Gause, Dorado, Avenger, Scheaffer and Sabalo are all hulls that float in similar waters as a "flats boat" but have higher freeboard and more creature comforts.  With a Porta Brax, they will idle (or many will run on plane)  through the same water as my first gheenoe classic with the motor on the transom. 



> Has anyone been on a sabalo 22?  Strongly considering selling my current skiff and getting one with a porta bracket.


If your looking at the Sabalo you might also look at the Panga 22


----------



## Sheremeta (Nov 29, 2010)

Thanks. I don't want to sell my boat so I'm going to start planning another restore. A 2000 22' hull with no power would be ideal.


----------



## RTS (Jul 9, 2012)

I happened to have a short day and was driving right by Bonefish Boats today so I stopped in to check out what they were doing. Big difference from their point a couple of years ago. Spent quite a bit of time with Ron looking over their options and his vision for Bonefish's future. They have some pretty cool ideas they are incorporating into much of their lines.

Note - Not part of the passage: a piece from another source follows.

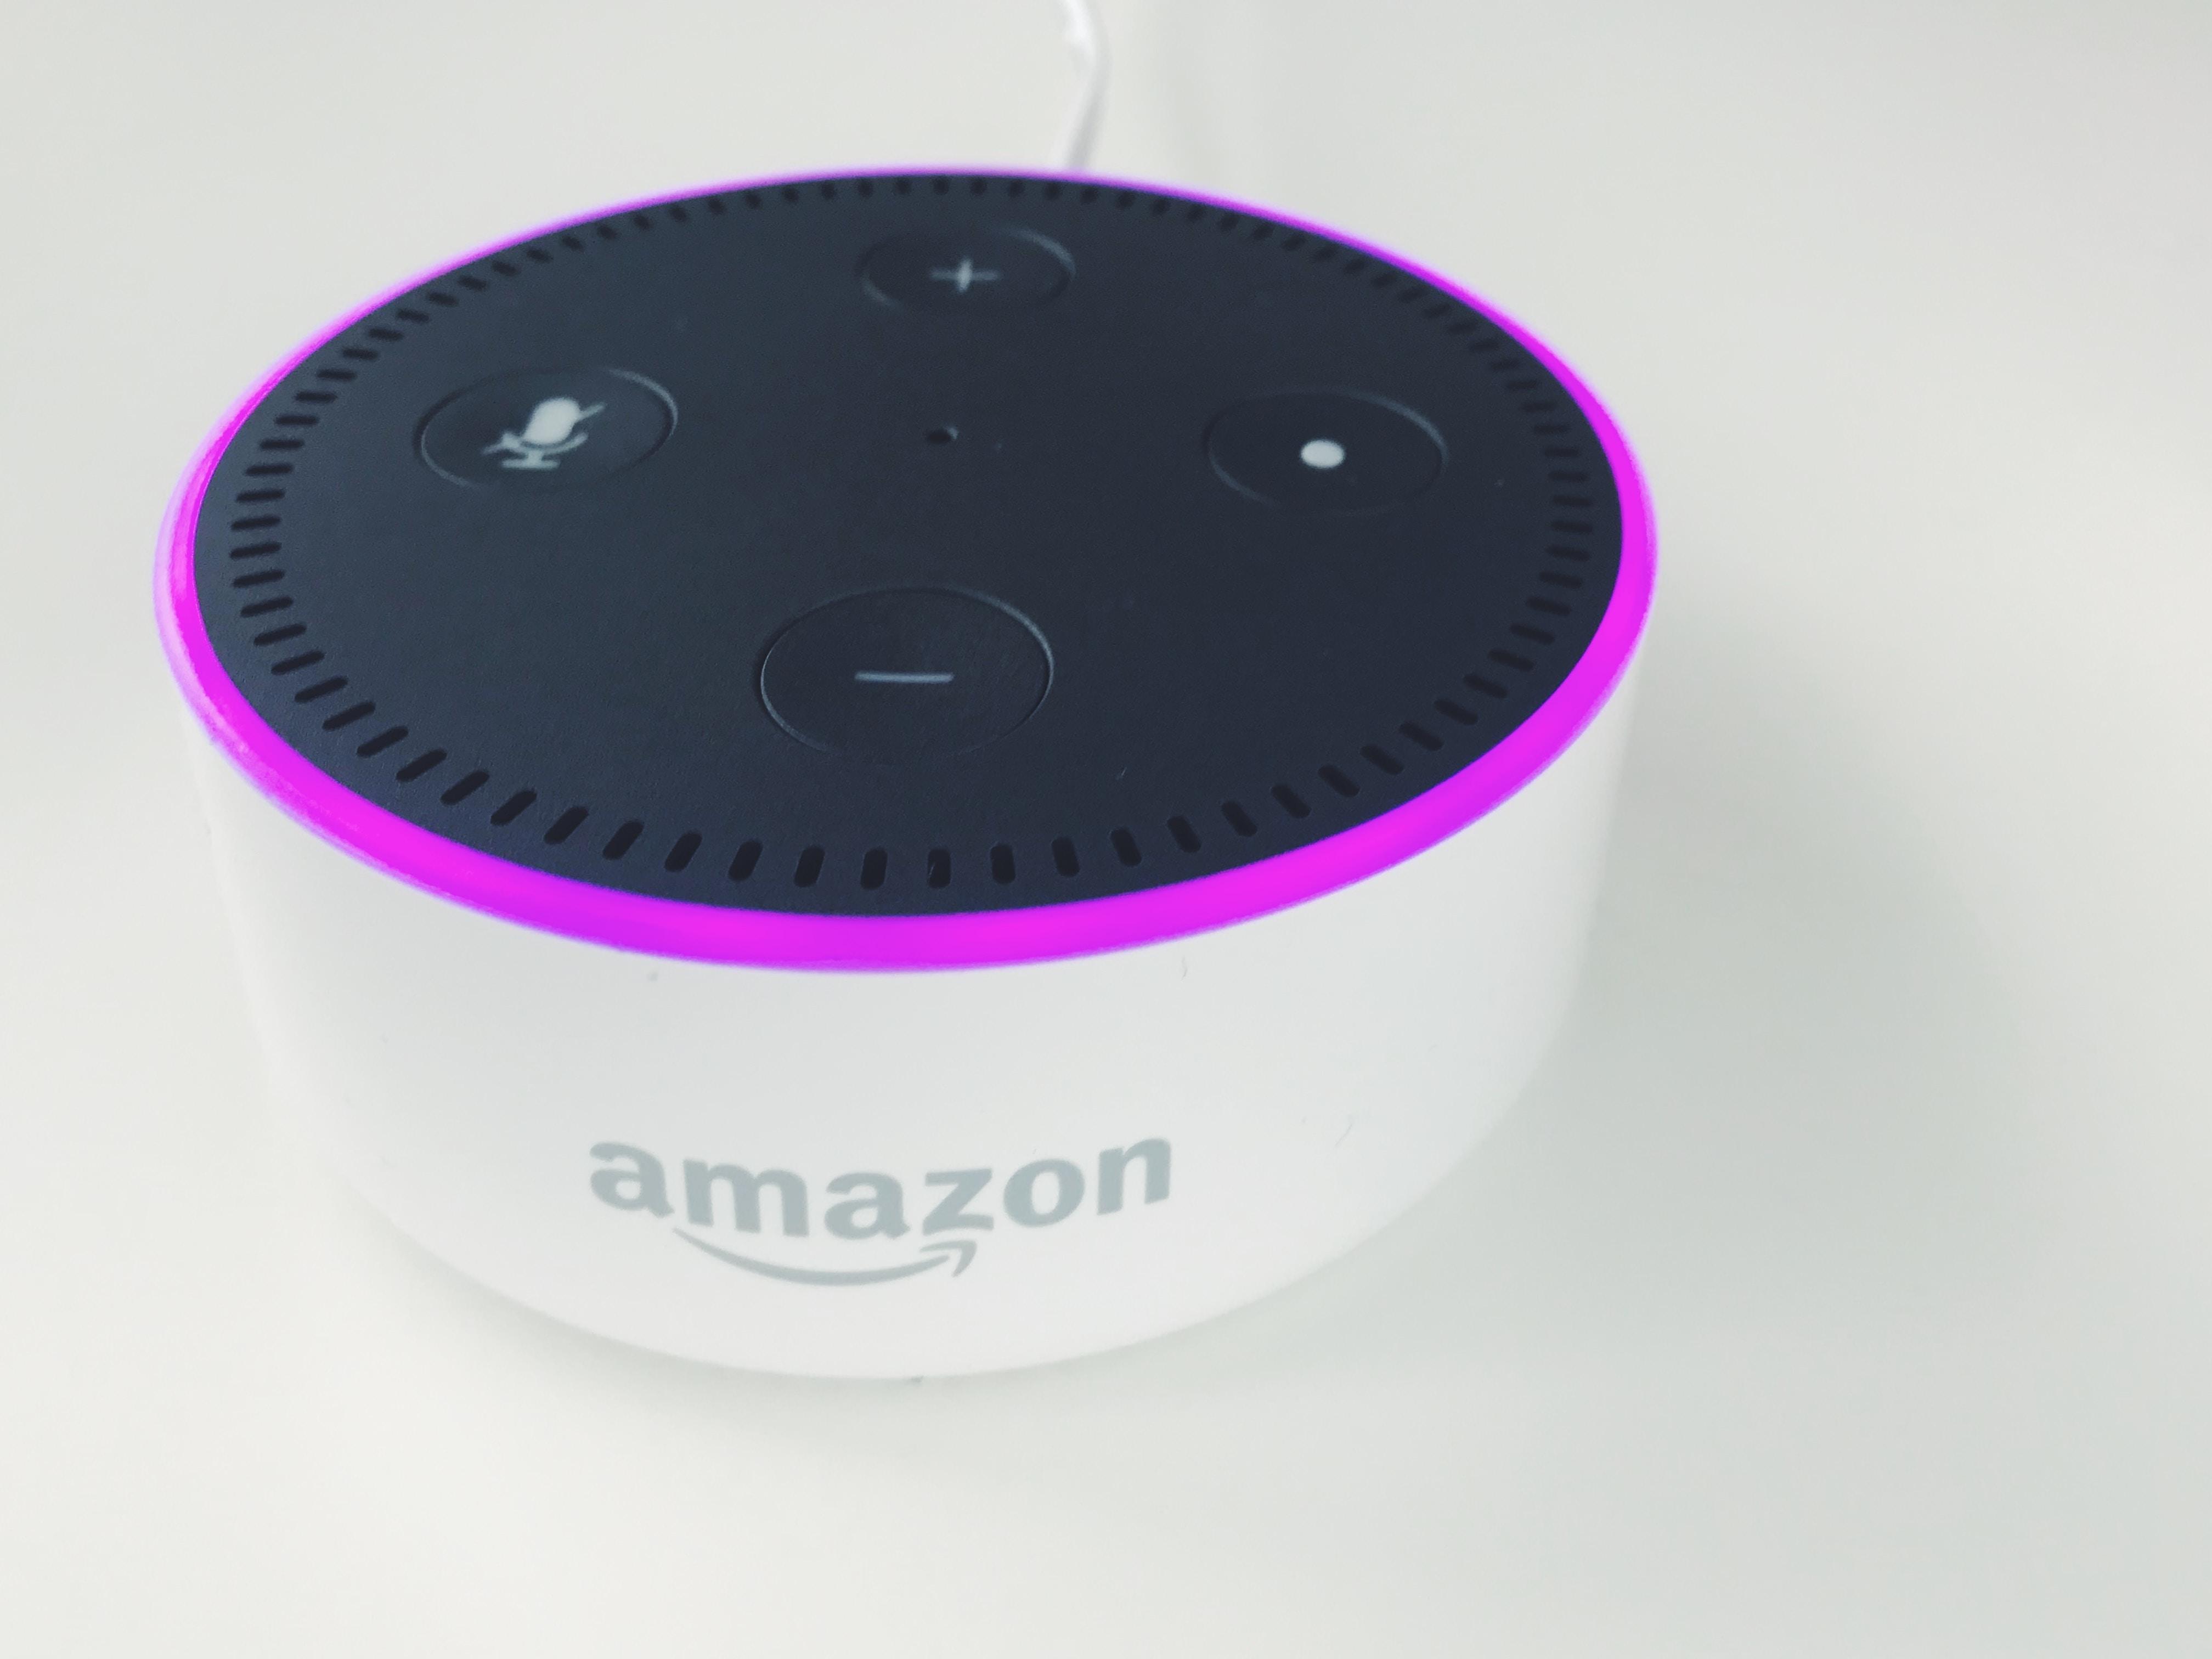 round black and white Amazon Echo Dot

I took a good hard look at the Sabalo 22 and really liked it. Enough to set my sights on one in the future, that's until I was about to leave and saw another future project hull that has always been a favorite of mine.


----------



## Salty_South (Feb 25, 2009)

The 22 looks like such a sweet hull! Has anyone been in some really rough stuff with one? I wonder what it is like with relatively low freeboard.


----------



## Recidivists (May 9, 2011)

My buddy has one and took it with him to N.C. He had a Yammy 150 on it and a tower. It was a beautiful boat that always turned heads. We fished out of Boca Raton inlet and caught our fair share of offshore game fish, however it wasn't the best in the rough stuff. My friend didn't like going out in anything over 3-4', but I was always ready. He loved going down to Flamingo, but hated that he couldn't take it everywhere.


----------



## csnaspuck (Apr 2, 2013)

I spoke to these guys at the Tampa boat show and they were trying to convince me that I could take this out on the goon and pole it. My wife who wants an offshore boat so she can go out once a year thinks its the perfect boat for me. I say No Thank You.
I think someone said it best on this site. There is not a boat that exists that can do everything and getting something in between is not going to make you happy.


----------



## TampaFlyGirl (Feb 15, 2012)

I have been friends with a guy in the Tampa area for years, and I fish with him most often...if we are not in my Ankona, we are in his Sabalo. These are his 2 cents:

"I have Been guiding out of a Sabalo 22 for 5 yrs now. It will be the shallowest running bay boat out there. On plane, I have gone in about 7'' of water with the Porta Bracket all the way up. Also, you don't need a huge engine to get this thing going. I have a Yamaha F115 and it pushes it around fine, doing about upper 30's. The only thing is it doesn't have much storage, and very little free board. So if this is going to be a family boat I would look for something different. But if you want a nice all around bay fishing boat its a great choice."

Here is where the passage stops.